» **Required work**
Only the lines from the one that contains "Fjord cutlery set 48 pieces product image" to the last line below, both included, should be transcribed. Pictures stay out of the copy.

» **Dataset extract**
Segment Open

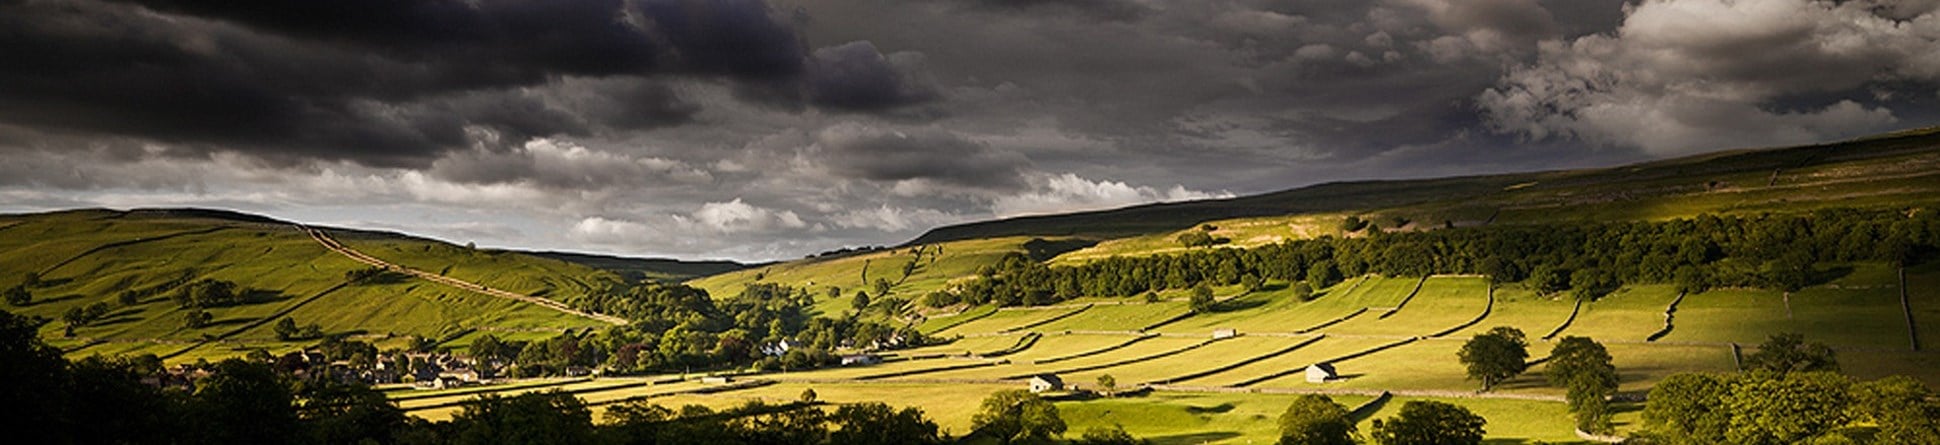 Field barns in the landscape of the Yorkshire Dales National Park
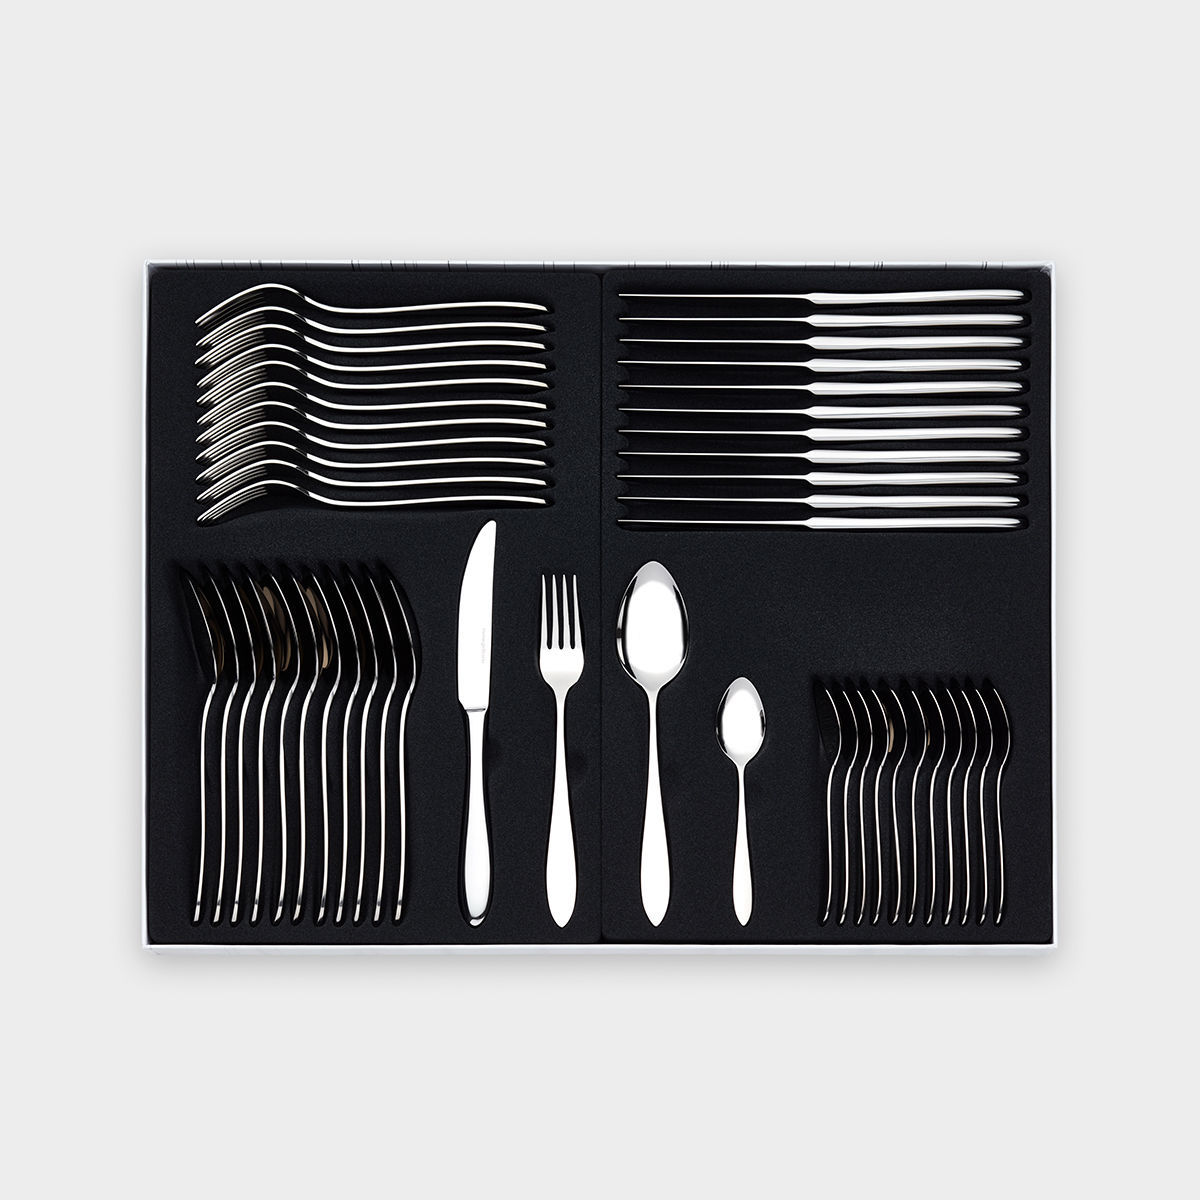 Fjord cutlery set 48 pieces product image
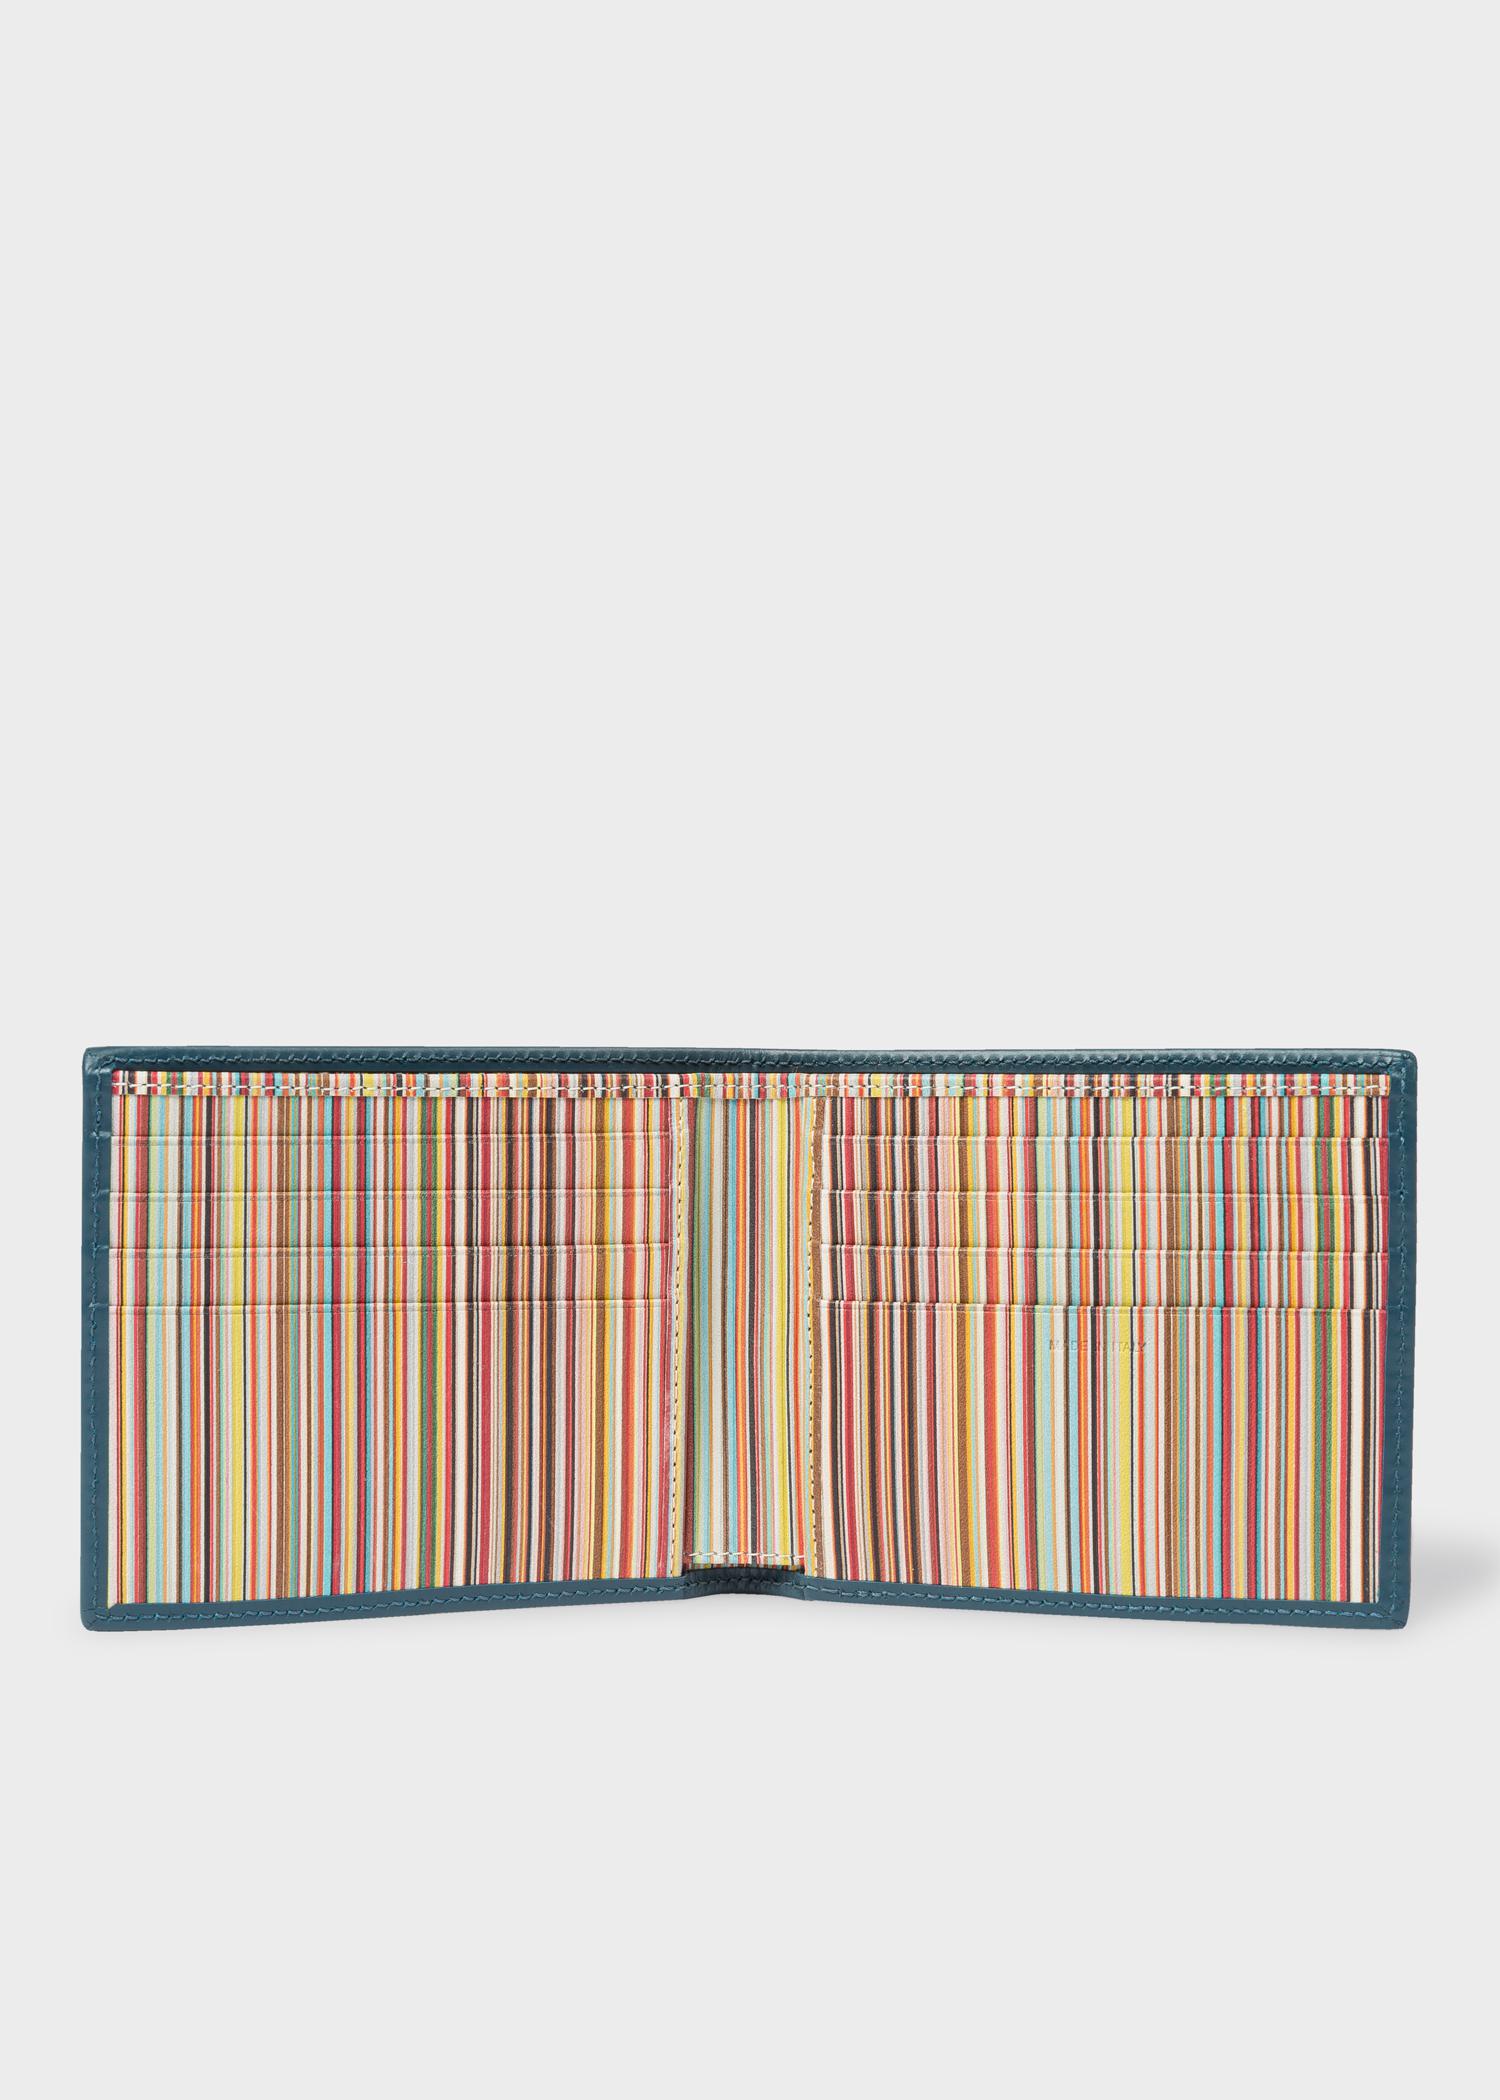 PAUL SMITH /'Signature Stripe/' Insert Teal Blue Leather COIN /& Billfold Wallet

Segment Closed

» **Reply to the exercise**
 Fjord cutlery set 48 pieces product image
 PAUL SMITH /'Signature Stripe/' Insert Teal Blue Leather COIN /& Billfold Wallet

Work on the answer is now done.